This power increasingly relies on an emerging digital control grid.

This grid is built from cashless transactions, biometric ID and ubiquitous surveillance, fusing payment systems, identity systems and monitoring into a single architecture of compliance. It is sold to the public by turning convenience into fate.  

First, it offers speed. Then it offers ease. Then it makes those things feel indispensable. Before long, dependence passes for common sense. The environment reshapes the inhabitant until the habitat feels like the only reality.  

The answer lies not just in saying ‘no’ but in building a parallel way of living, already visible in fragments across allotments, co-operatives, farms, kitchens, village halls and local markets. It is already being lived wherever people still grow, share, repair and eat outside the scripts of the supermarket and the platform.  

Ivan Illich argued that tools must serve people. In Britain, allotments still carry that truth in the soil. They are working places of sovereignty where people grow, save, compost, swap and learn in public, with knowledge shared by word of mouth.  

The same spirit lives in seed swaps and seed libraries, where open-pollinated seed stays in circulation and the power to reproduce food remains with those who grow it. It lives in places such as Transition Town Totnes and in co-operatives like Suma, which have shown for decades that food distribution does not have to follow supermarket logic. Beyond Britain, similar principles appear wherever communities preserve local seed, rebuild soils or organise food production around cooperation rather than dependency.  

James C Scott understood what states and corporations dislike most: people who cannot be fully mapped. Cash still matters for that reason. In farmers’ markets, village shops, roadside stalls and countless everyday exchanges, it keeps trade direct and local. It allows producers and buyers to deal with one another without every transaction becoming another stream of data to be processed, monitored and controlled.  

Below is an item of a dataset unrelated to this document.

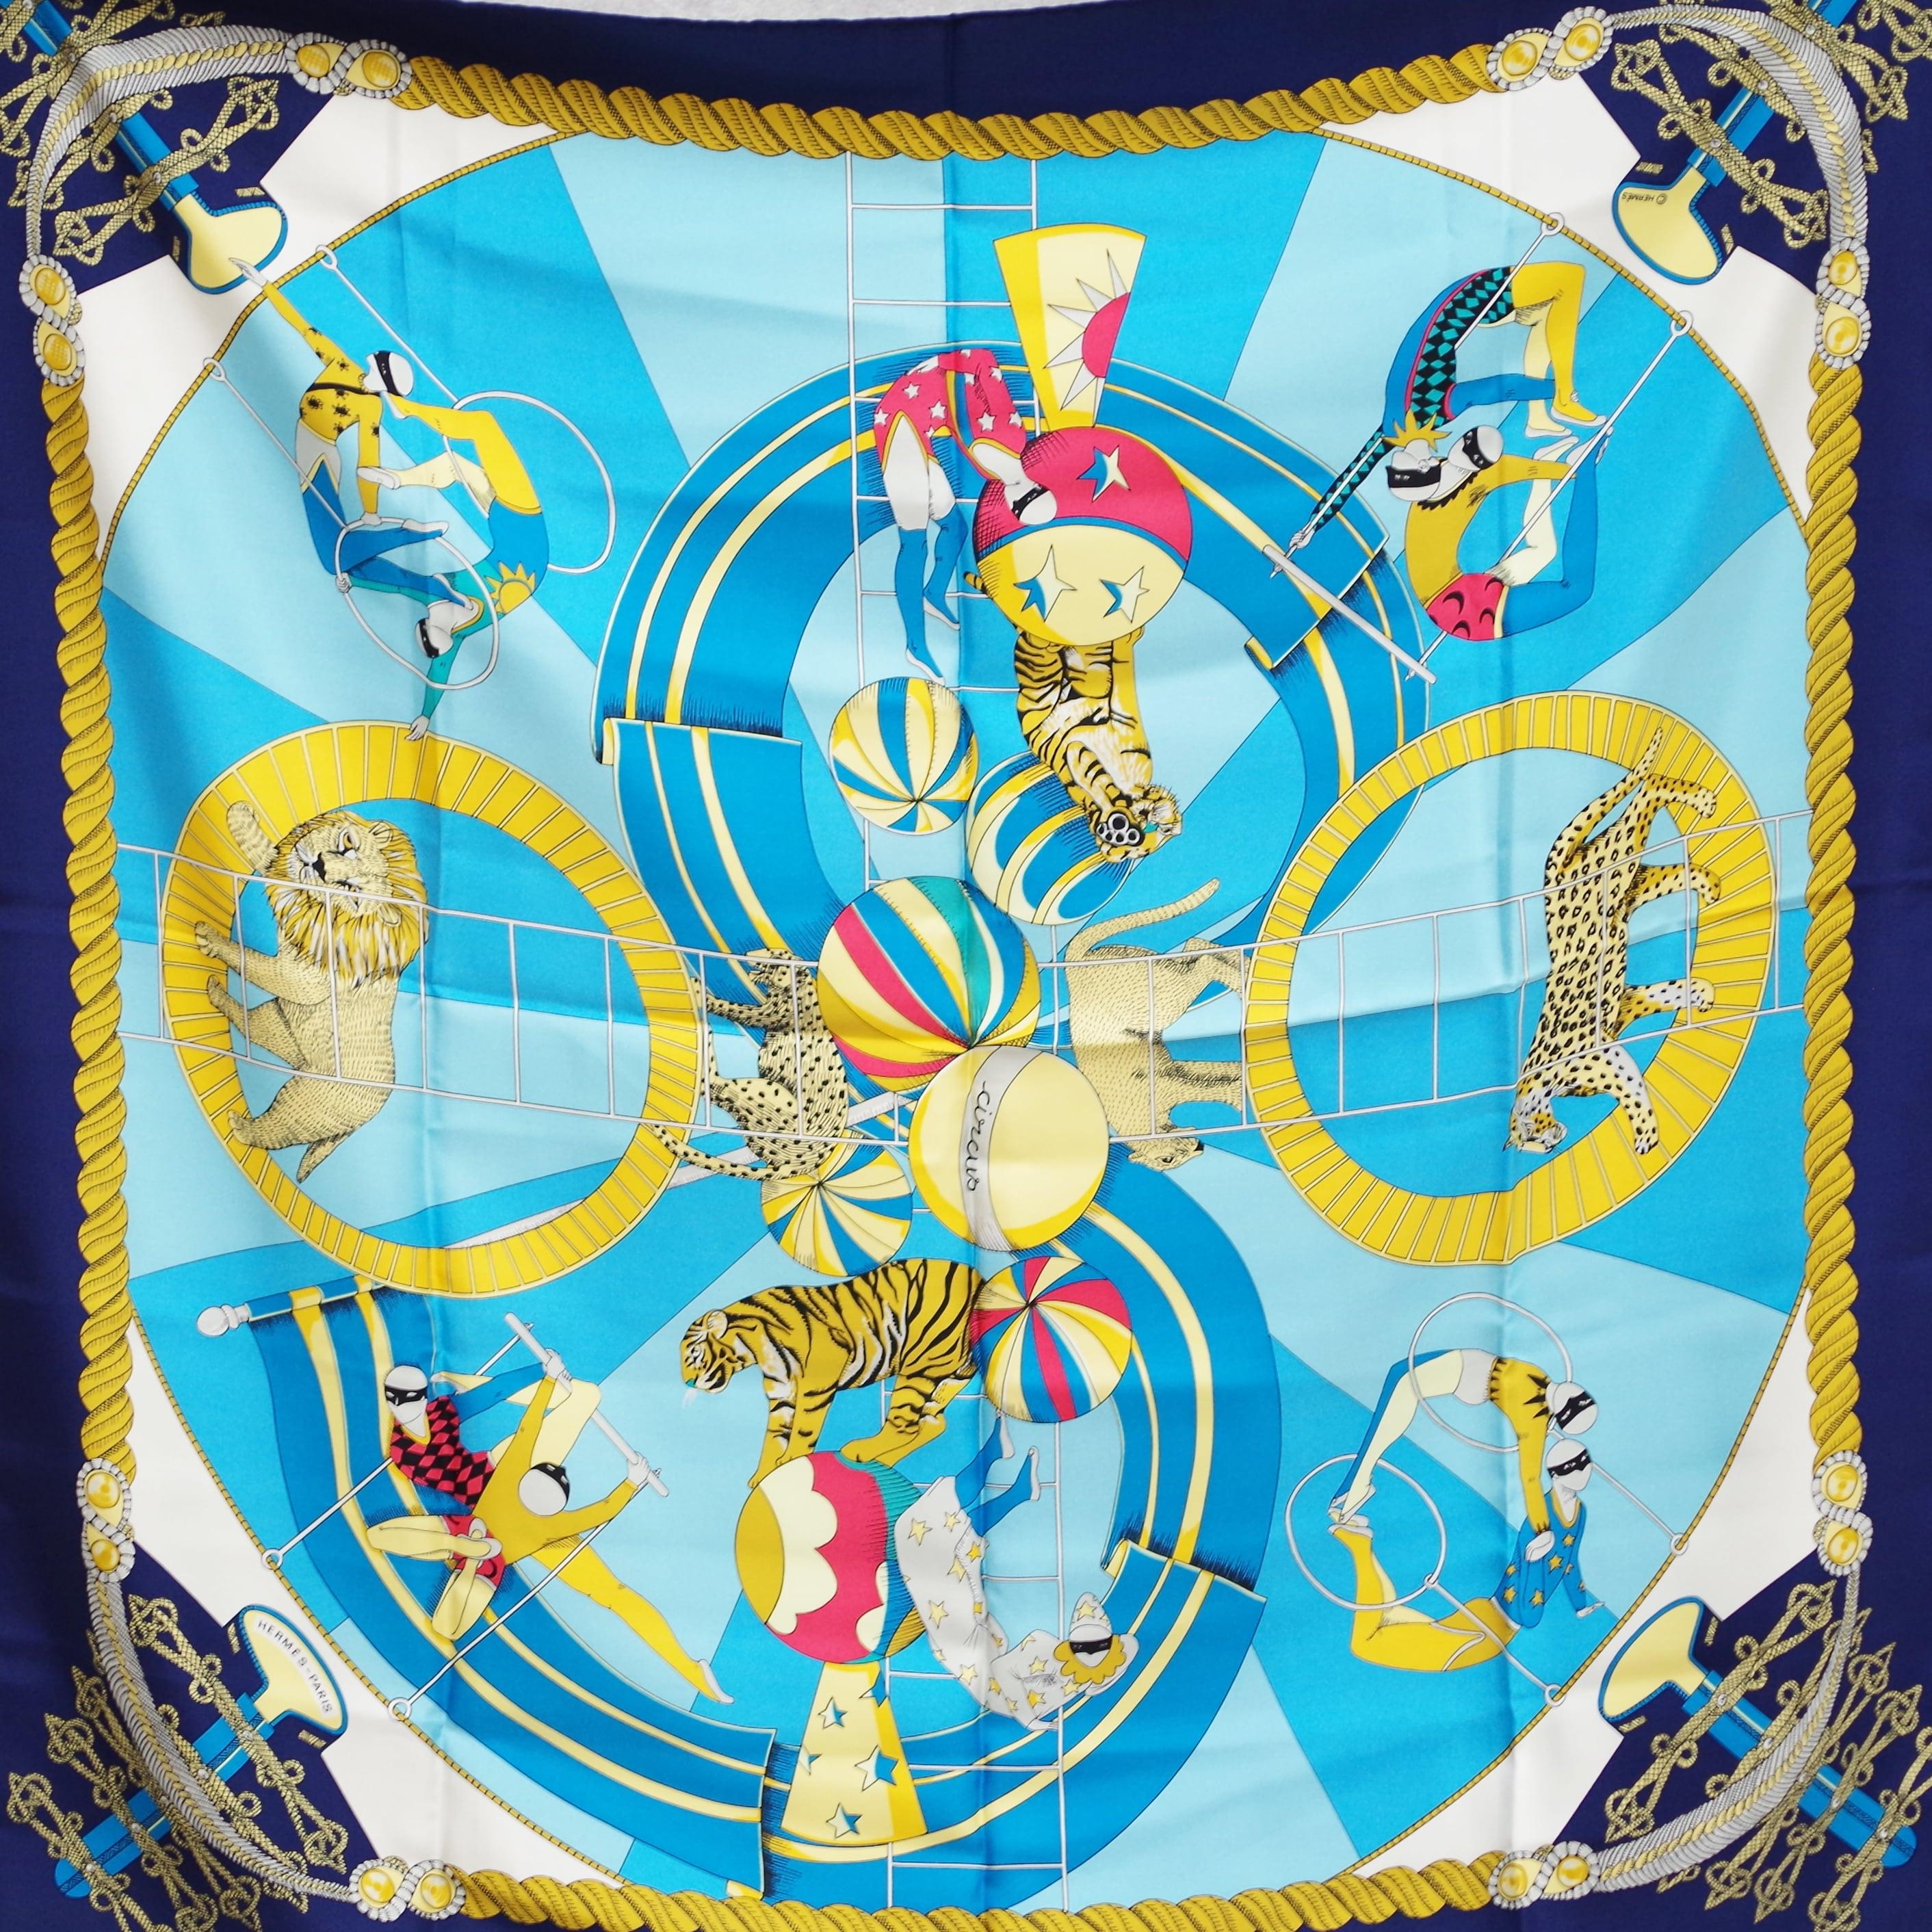 HERMES エルメス カレ 90 「サーカス」スカーフ タグなし ブルー シルク アクセサリー 小物

Allotments demonstrate the point. Seed, advice, timing, pest control and experience circulate informally. There is power in that autonomy. It is an ordinary form of cooperation that, on the surface at least, does not even resemble resistance.  

Guy Debord wrote about the Spectacle, where people are trained to watch life instead of live it. Community-supported agriculture bucks the trend and is a practical form of refusal. Farms such as Tablehurst and Stroud Community Agriculture have built direct relationships between growers and eaters. Food becomes part of a living relationship. The same principle can be seen in buying groups, food co-operatives, farmers’ markets and neighbourhood veg-box schemes. You stop being a customer and become part of a food culture.  

A parallel system does not need a majority to survive. It only needs enough committed people to make it real. We see it in community-owned shops, repair cafés, tool libraries and local bakehouses, where competence is rebuilt simply by doing things together.  

At the biological level, the same principle holds. Heritage breeds, open-pollinated seed, local ferments, artisanal cheeses, traditional processing and microbial diversity all resist the standardisation on which corporate-controlled systems depend. They remind us that life is healthiest when diversity is allowed to flourish rather than be engineered into uniformity.  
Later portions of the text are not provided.